There's three things we mostly concern about:
- point estimation: a particular value that approximates some parameter of interest. e.g. mean or variance
- confidence intervals, or set estimattes: range of the value that best represent the parameter of insterest
- hypothesis: accept or reject
Estimation
Remember estimation is not truth. More data the estimation will be better.
Point estimation
Sampling
data = pd.read_csv("files/aaa.csv")
data['Date'] = data[u'Dia de mes'].apply(lambda x: str(x)) +
'-' +
data[u'Mes de any'].apply(lambda x: str(x))
data['Date'] = pd.to_datetime(data['Date'])
accidents = data.groupby(['Date']).size()
print accidents.mean()
How we estimate the sampling distribution of the sample mean
- Draw $s$ (a large number) independent samples $ { x^1,..., x^s} $ from the population where each element $x^j$ is composed of ${x_i^j}_{i=1,...,n}$.

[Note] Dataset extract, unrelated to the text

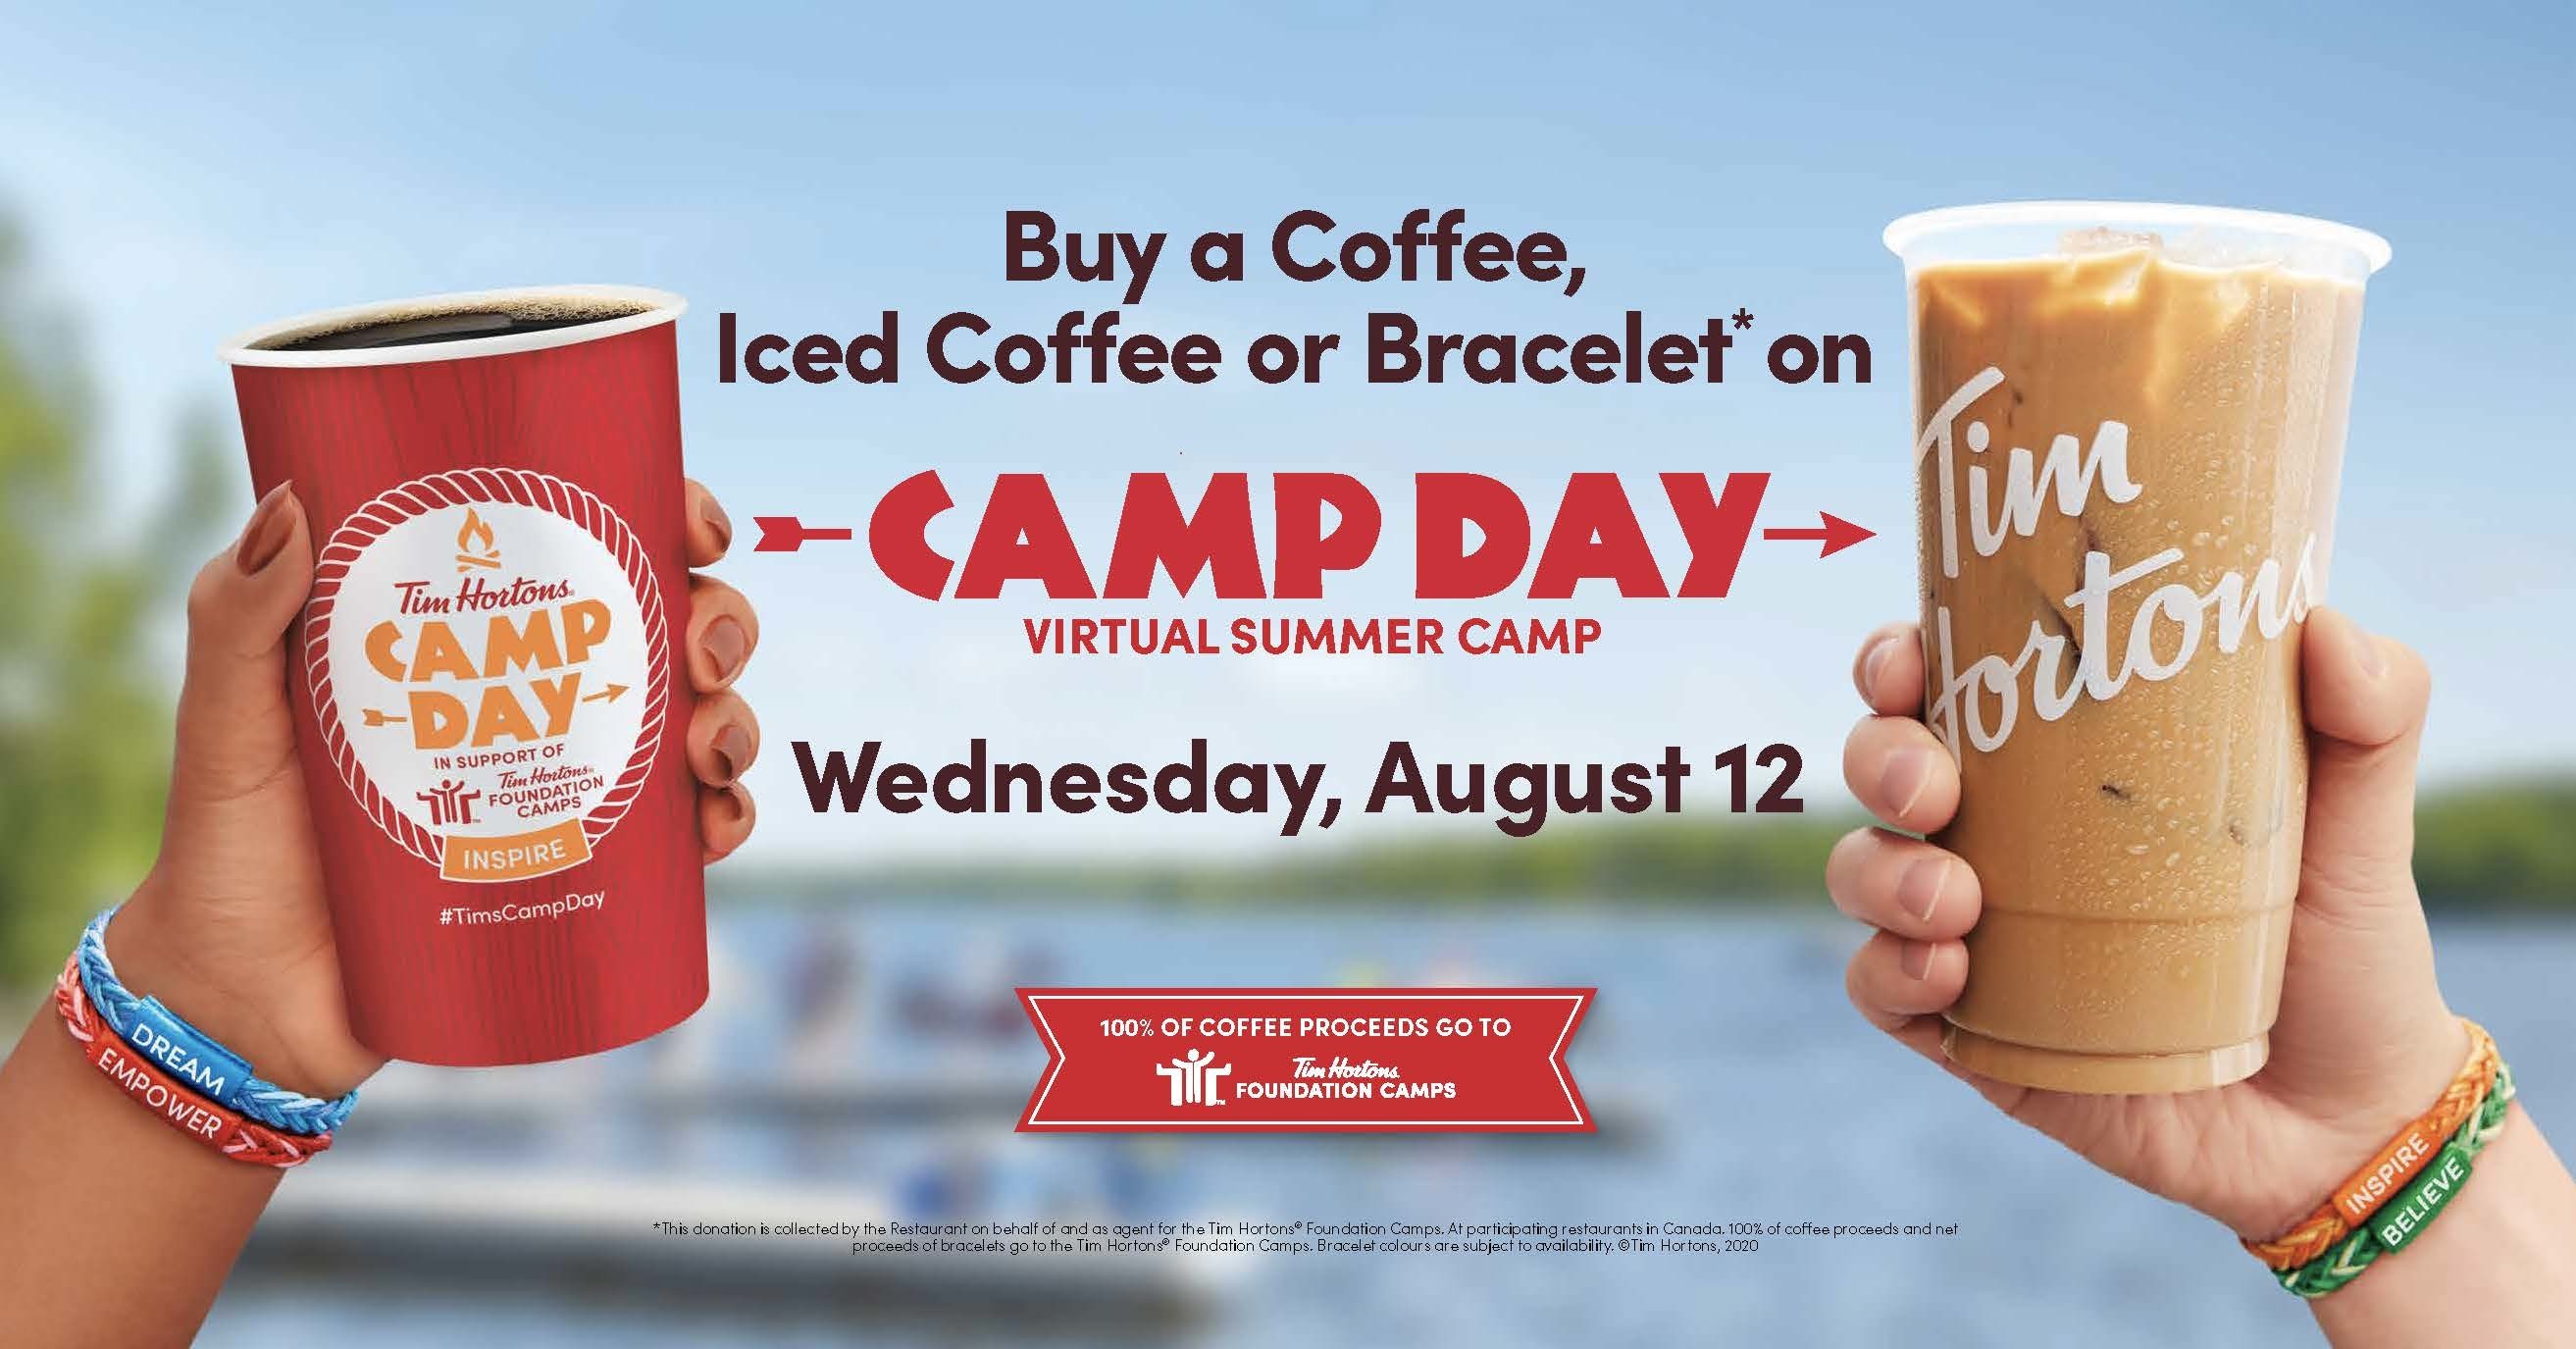 Hortons® announces its annual Day coming on August 12, supporting virtual Tims eCamp this year

- Evaluate the sample mean $\hat{\mu}j=\frac{1}{n}\sum_{i=1}nx_i^j$ of each sample
- Estimate the sampling distribution of $\hat{\mu}$ by the empirical distribution of the sample replications.
# population
df = accidents.to_frame() # convert accidents to DataFrame
nTest = 10000
elements = 200
# mean array of samples
means = [0] * nTest # build a sero array with nTest 0
#sample generation
for i in range(nTest):
rows = np.random.choice(df.index.values, elements)
sampled_df = df.ix[rows]
means[i] = sampled_df.mean()
Traditional Approach
But actually we can't always get access to the population, so we have to solve the problem by using some theoretical results from traditonal statistics.
Standard error
$$ SE = \frac{\sigma_x}{\sqrt{n}} $$
This formula use the standard deviation $\sigma_x$, which is not known. If the population distribution is not skewed and estimation is sufficiently good if $n>30$. THis allow us to use the standard error of the sample value if we can't get access to the population.
rows = np.random.choice(df.index.values, 200)
sampledDf = df.ix[rows]
estSigmaMean = sampledDf.std()/math.sqrt(200)

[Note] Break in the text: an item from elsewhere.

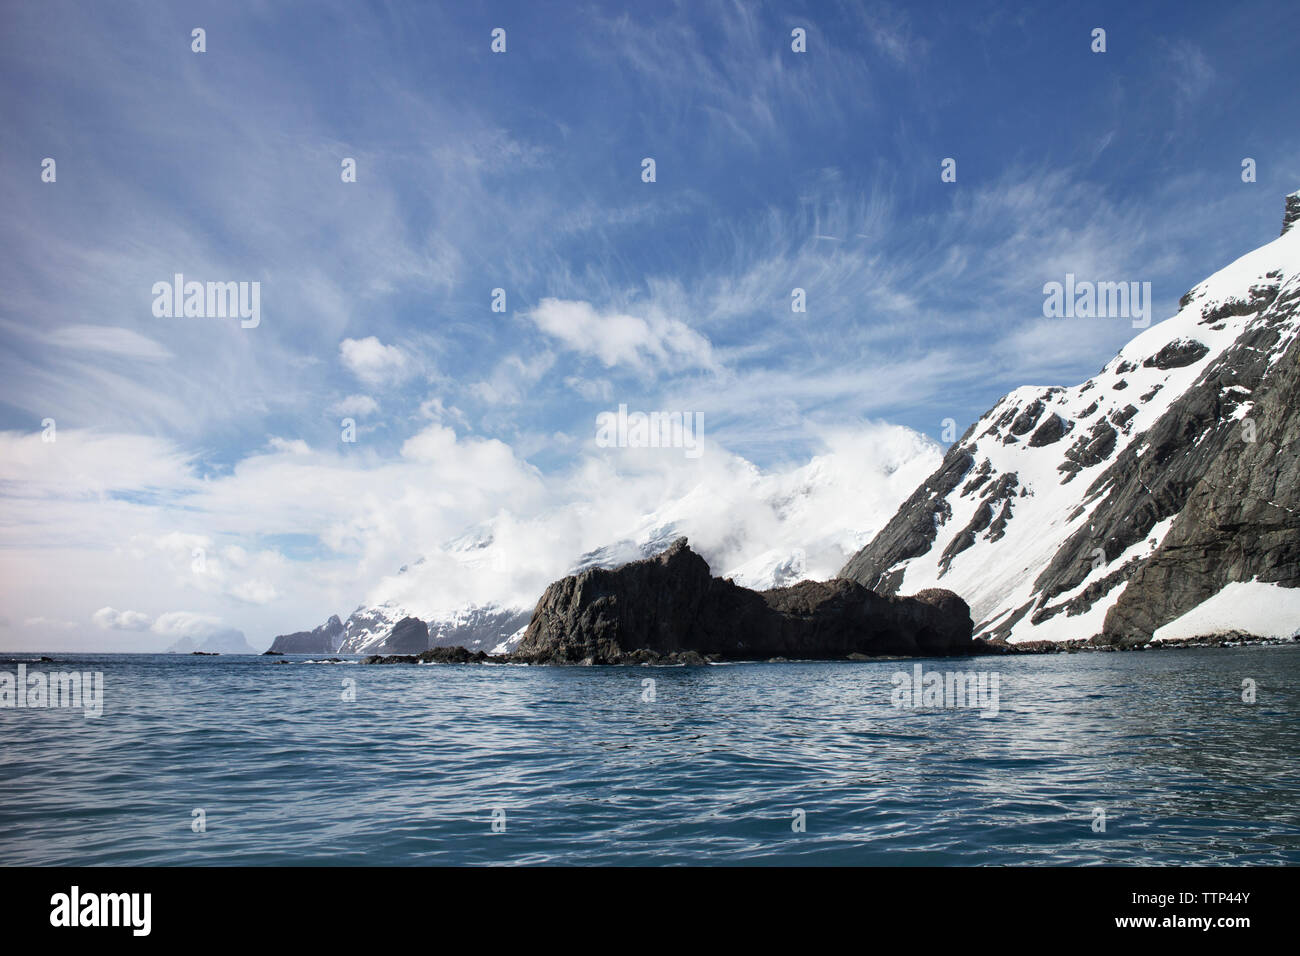 Sea and snow covered mountains against cloudy sky Stock Photo

Computationally intensive approach
When the full dataset has super large population, a alternative to the traditional.
In the bootstrap, we draw n observation with replacement from the oringinal data to create a bootstrap sample or resample. Then, we can calculate the mean for this resample. By repeating this process more times, we can get a good approximation of the mean sampling distribution.

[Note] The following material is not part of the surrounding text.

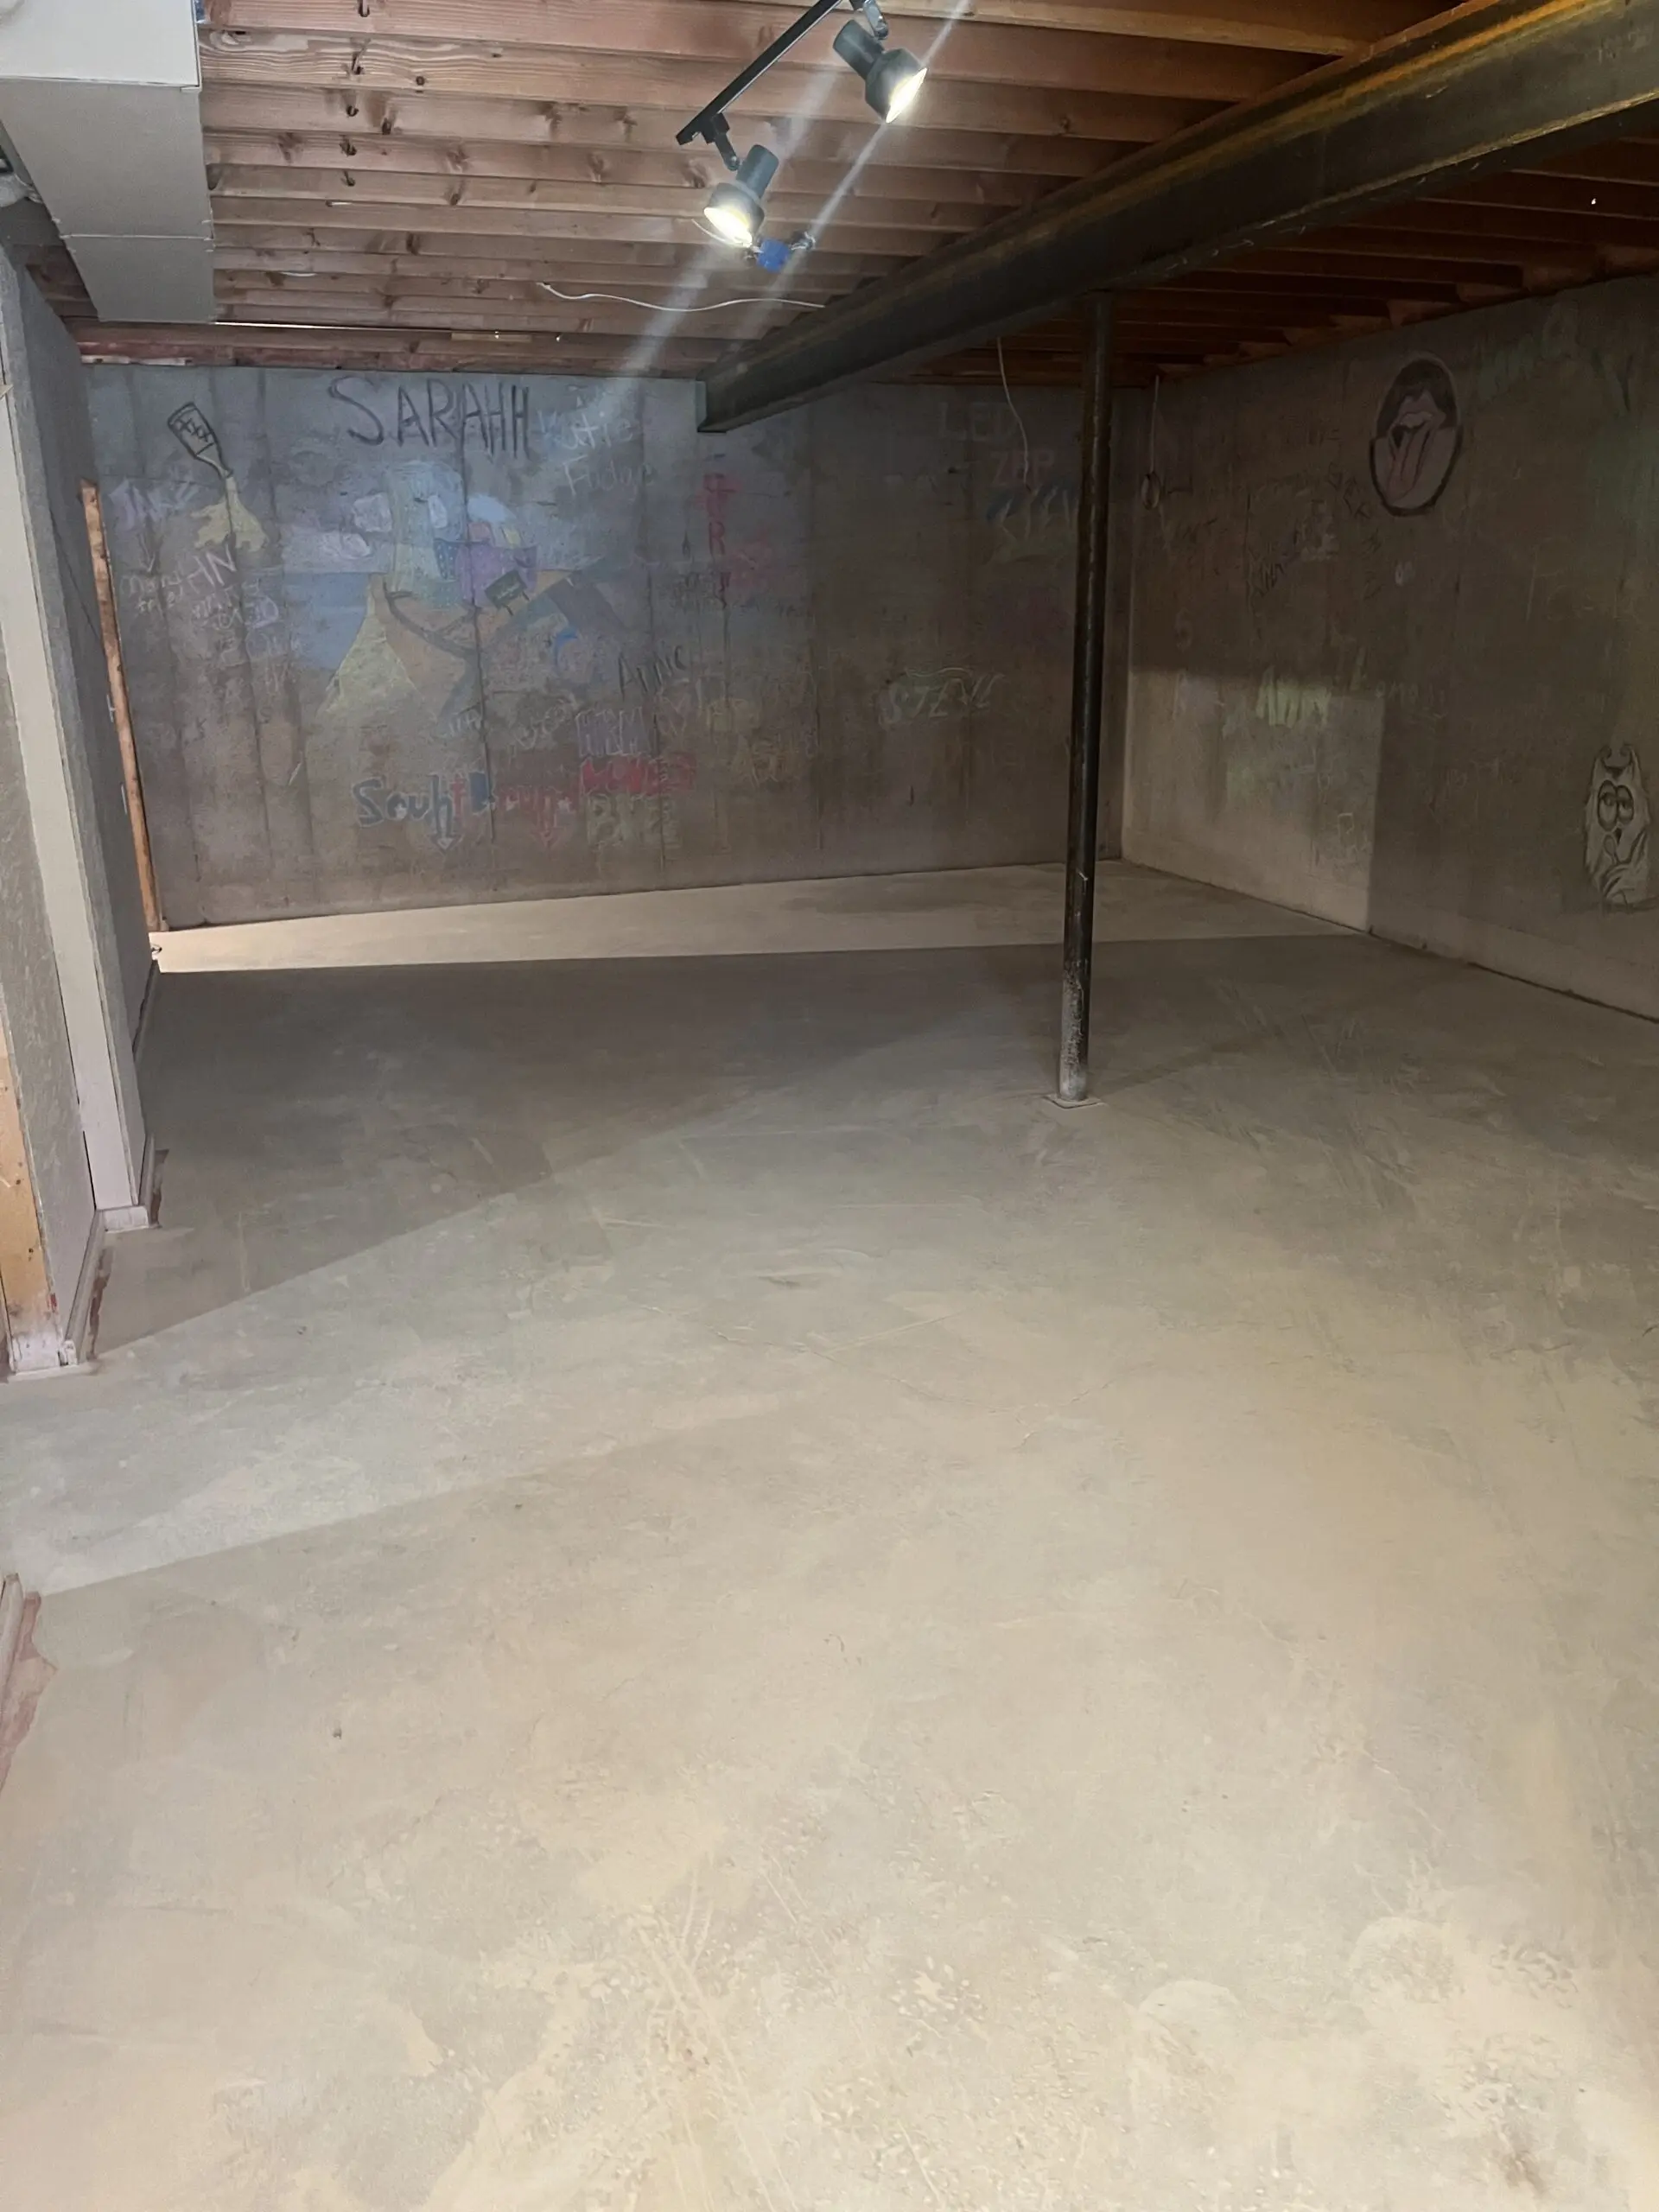 Basement floor after grinding process, preparing for staining

def meanBootStrap (X, numberb):
x = [0] * numberb
for i in range (numberb):
sample = [X[j]
for j in np.random.randint(len(X), size = len(X)
]
x[i] = np.mean(sample)
return x
m = meanBootstrap(accidents, 10000)
np.mean(m)
Confidence Interval
Confidence Level | 90% | 95% | 99% | 99.9% |
---|---|---|---|---|
z Value | 1.65 | 1.96 | 2.58 | 3.291 |
A point estimate $\Theta$, is hardly to be perfect. So we want to provide a plausible range of value of the parameter. This range called confidence interval.
We care about the interval and the plausibility .
If the point estimate follow the normal model with standard error SE, then a confidence interval for the population parameter is $$\Theta \pm z \times SE$$
Confidence Level | 90% | 95% | 99% | 99.9% |
---|---|---|---|---|
z Value | 1.65 | 1.96 | 2.58 | 3.291 |
Use bootstrapping to calculate the 95% confidence interval
m= meanBootstrap(accidents, 10000)
sampleMean = np.mean(m)
sampleSe = np.std(m)
# Confidence Interval
ci = [np.percentile(m, 2.5), np.precentile(m, 97.5)]
95% confidence means:
In 95% of the cases, when I compute the 95% confidence interval from this sample, the true mean of the population will fall within the interval define by the bounds: $\pm1.96\times SE$
Hypothesis Testing
Two kinds of hypotheses:
- $H_0$: Two distribution is the same. Null hypothesis
- $H_1$: Two distribution is different. Alternative hypothesis
n = len(counts2013)
mean = counts2013.mean()
s = counts2013.std()
ci = [ mean - s*1.96/np.sqrt(n), mean + s*1.96/np.sqrt()]
Interpretation of CI Test
The result canbe reject, or refuse to reject.
if we use a 95% confidence interval to test a problem where the null hypothesis is true, we will make an error whenever the point estimate is at least $1.96\sigma$ away from the population parameter. This hapen about 5% of the time.